HCL Technologies' growth rate of 28% in the past year drove total global revenue to $3.9 billion. Its strategy and vision are to provide a best-in-class end-user computing service that creates business value for customers. The strategy is paying off in desktop support, with 17% growth, well above the industry. To accomplish this, the vendor is investing in the areas of cloud, HVDS and effective support of mobile devices.
- HCL's investment in automation continues to improve its competitive position, as the vendor has reduced desk-side visits by 15% and now manages 80% of desktop calls remotely. The commitment to continuous improvement has delivered for HCL, with significant growth and customer satisfaction.
- HCL offers virtual desktops in three ways: hosted by HCL, hosted by the client and managed by HCL, and hosted and fully managed by HCL. This enables clients to choose how involved they want to be in their virtual desktop delivery solution.
- References indicated that HCL exhibits flexibility in delivery at a very effective price point, which produces high customer satisfaction scores.
- Some clients reported that HCL's staff may be willing to take on more than they can handle.

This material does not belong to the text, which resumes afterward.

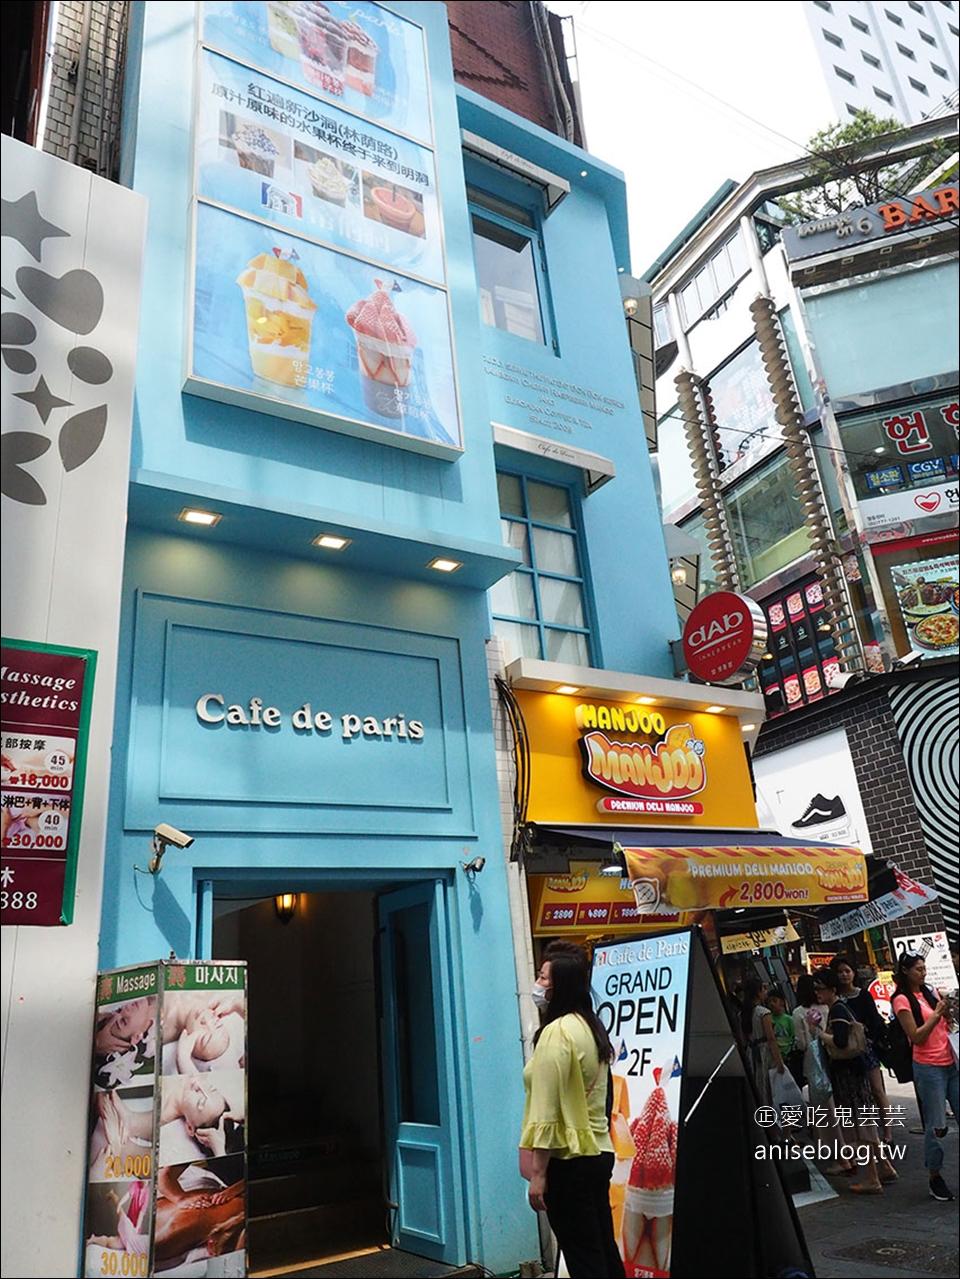 明洞Cafe de Paris ,IG 熱門打卡點

The lack of ability to say no or to push back on some work results in not meeting original deadlines, due to overwhelmed resources or the resources not having effective skills for the task. Gartner recommends integrating the service provider's workload into the demand management process to maintain a clear understanding of workload and resource effectiveness.

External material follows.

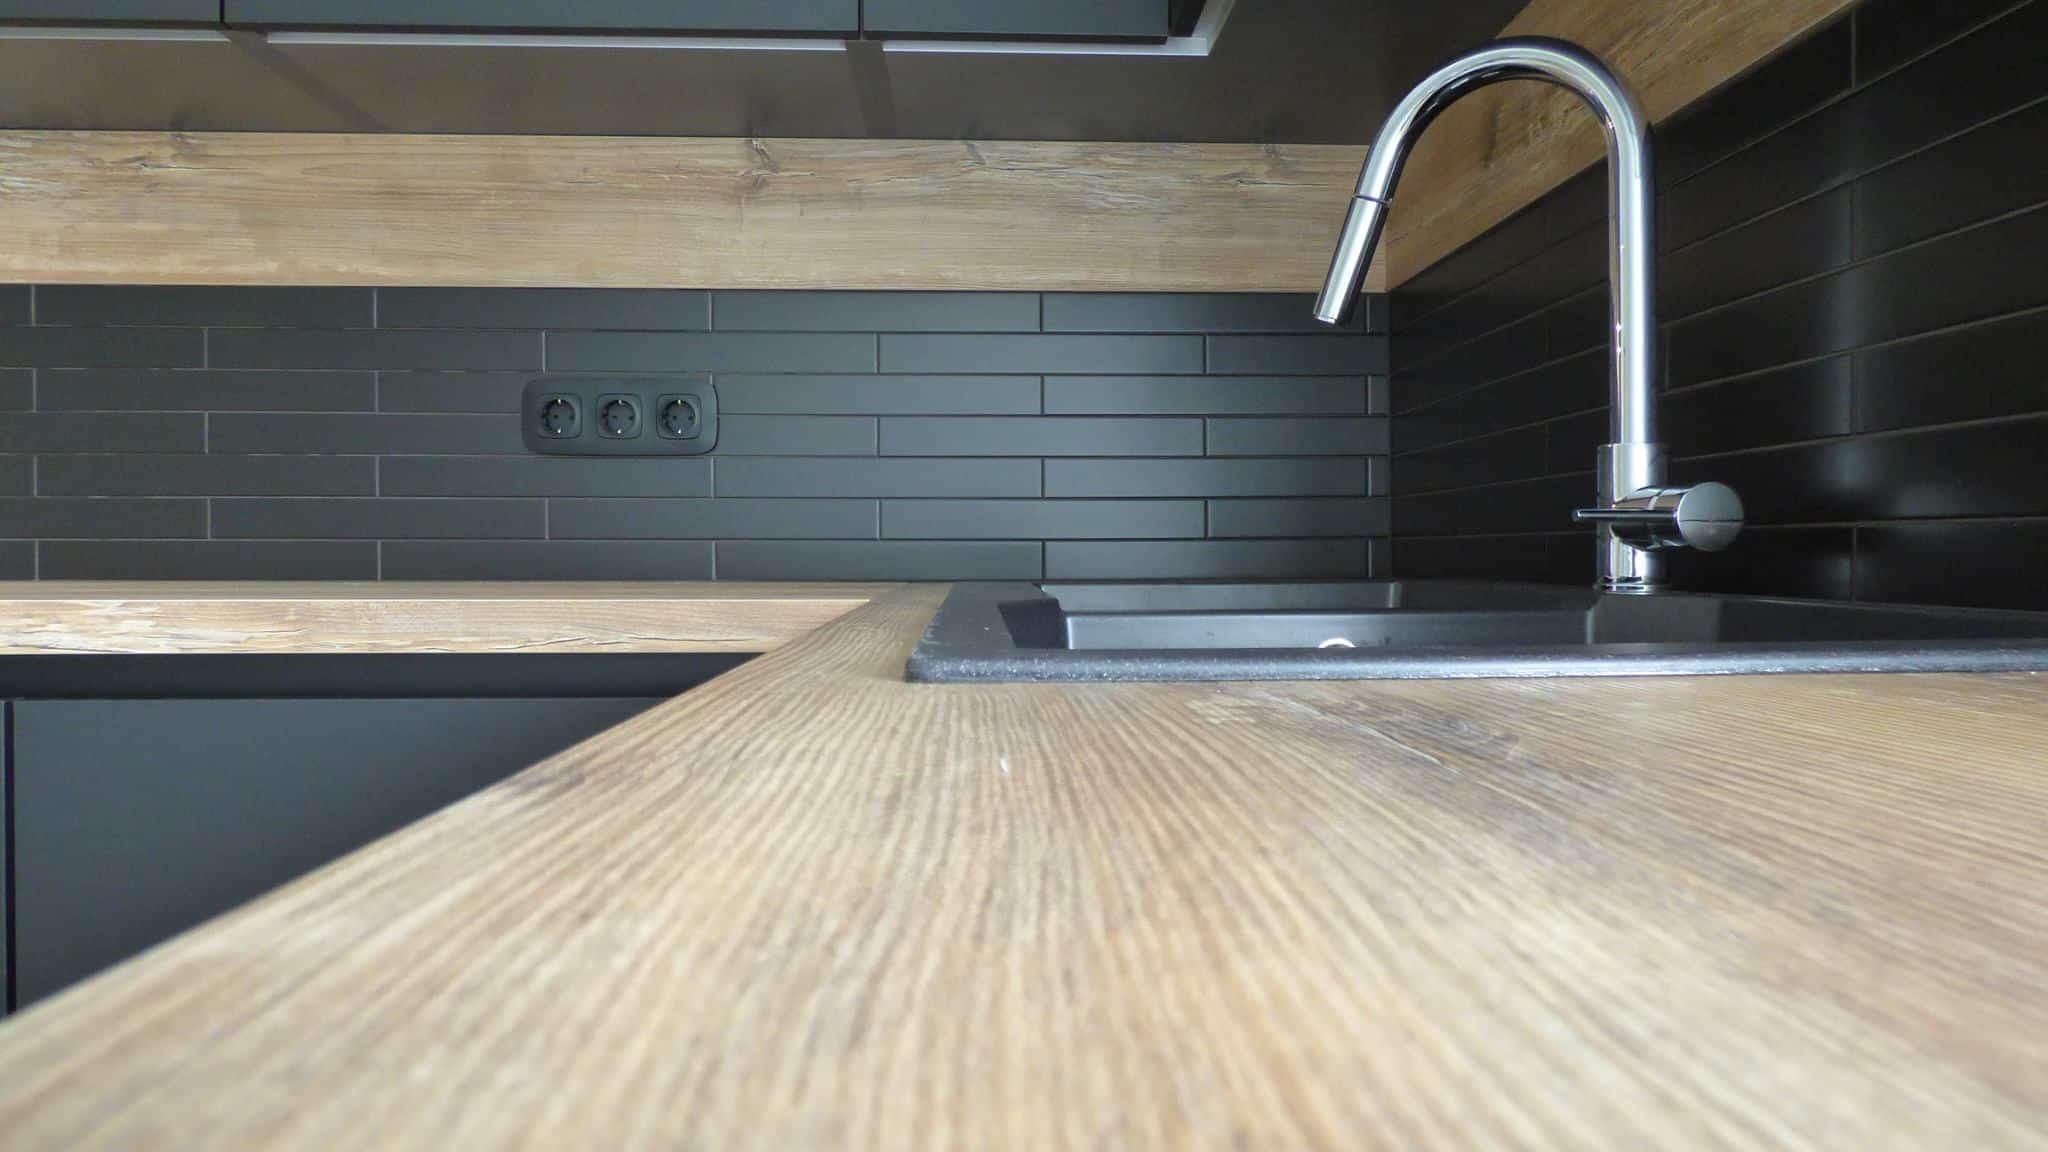 Επιπλα Κουζινας nero ingo 29

- Clients are concerned about turnover and the absence of effective skills in their vertical industries. They indicated a loss of business/account knowledge from the turnover. Gartner recommends that service levels and penalties be used to maintain effective turnover rates. This is more of an offshore issue, where turnover rates are much higher than in the U.S.
- References indicated that the tools available with the HCL service may be overstated in their effectiveness. Gartner recommends getting multiple references from other clients that have the tools in place and/or, at a minimum, engaging with effective trials and demos.

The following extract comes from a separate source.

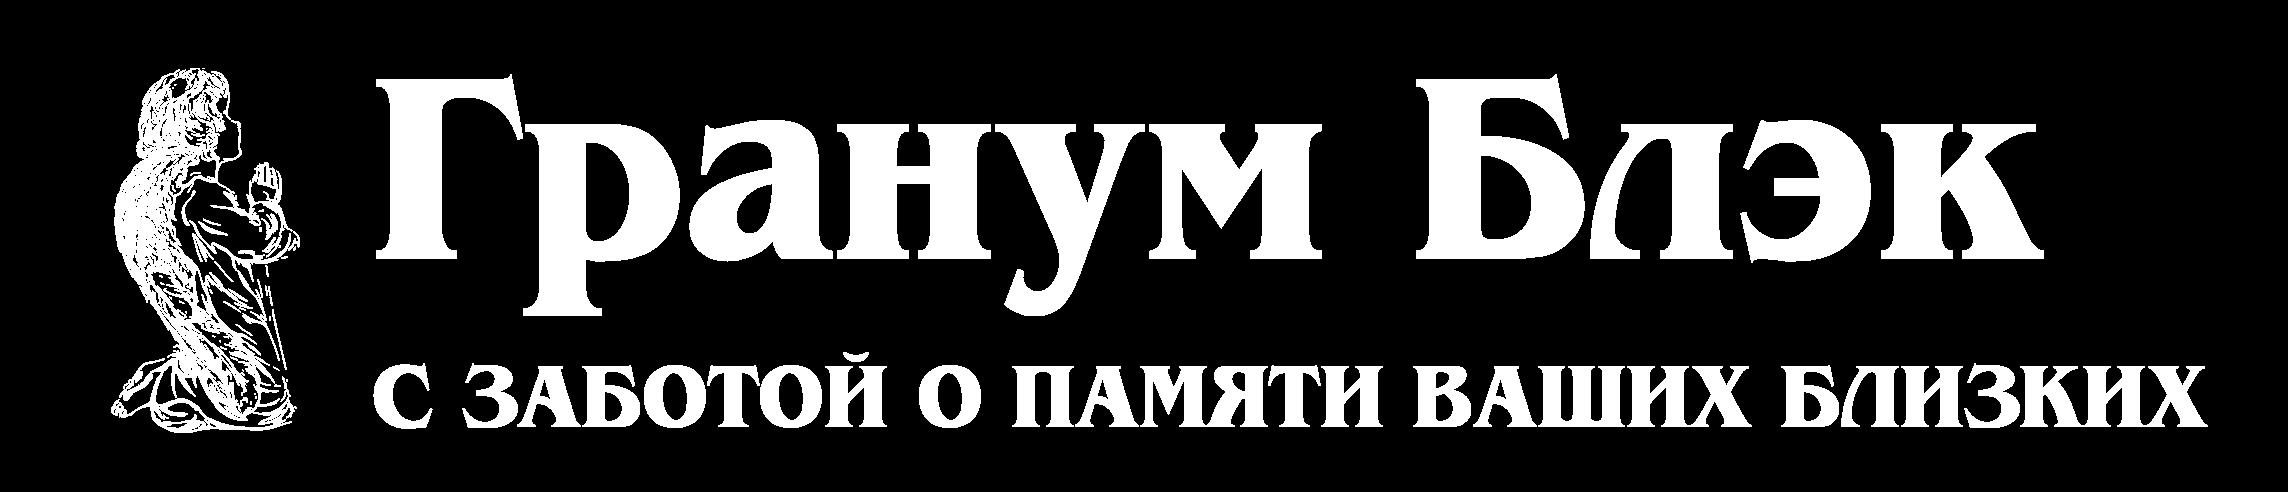 Гранум Блэк

HP envisions consumerization of the desktop with an exponential increase in information and an array of devices to access that information. HP has a well-defined vision to drive technology with virtualization, cloud services, and collaboration through a proven delivery that includes ITIL global delivery standards with HP's security and enterprise service network. The vendor's key delivery components will drive functionality for the 5.5-plus million desktops managed today.
- HP's ability to leverage development over a large customer base allows for the planned investment to deliver its workplace vision. Integrating the capabilities of HP labs, HP hardware and software, and HP managed services provides the basis for innovation and knowledgeable resources to deliver for its clients.
- Client references felt the HP staff was an extension of their own staff and had the clients' interests in mind. The HP team was effective in driving efficiencies while meeting the contracted service levels.
- Additionally, references indicated that HP's managed services team would deliver effective pricing even when not bundled with HP hardware and software.
- HP announced plans to reduce its total head count by 27,000 during the next three years through a combination of early retirements and workforce reduction. This is 8% of the HP workforce, with the initiative aimed at increased efficiencies and improved service. Gartner believes these plans will likely be influenced by a more selective approach as HP addresses the desktop outsourcing service market, particularly as it relates to labor-intensive field support coverage.
- Client references indicated that HP is big and, therefore, can be fragmented with its sales approach (for example, receiving calls from HP offering services that they already have contracted with HP).
- Client references indicated that HP's rates in long-term deals were typically reduced as a result of a benchmark and/or recompeting for or rebidding the contract. Clients are encouraged to ensure that HP's pricing remains market-competitive through periodic pricing validation efforts.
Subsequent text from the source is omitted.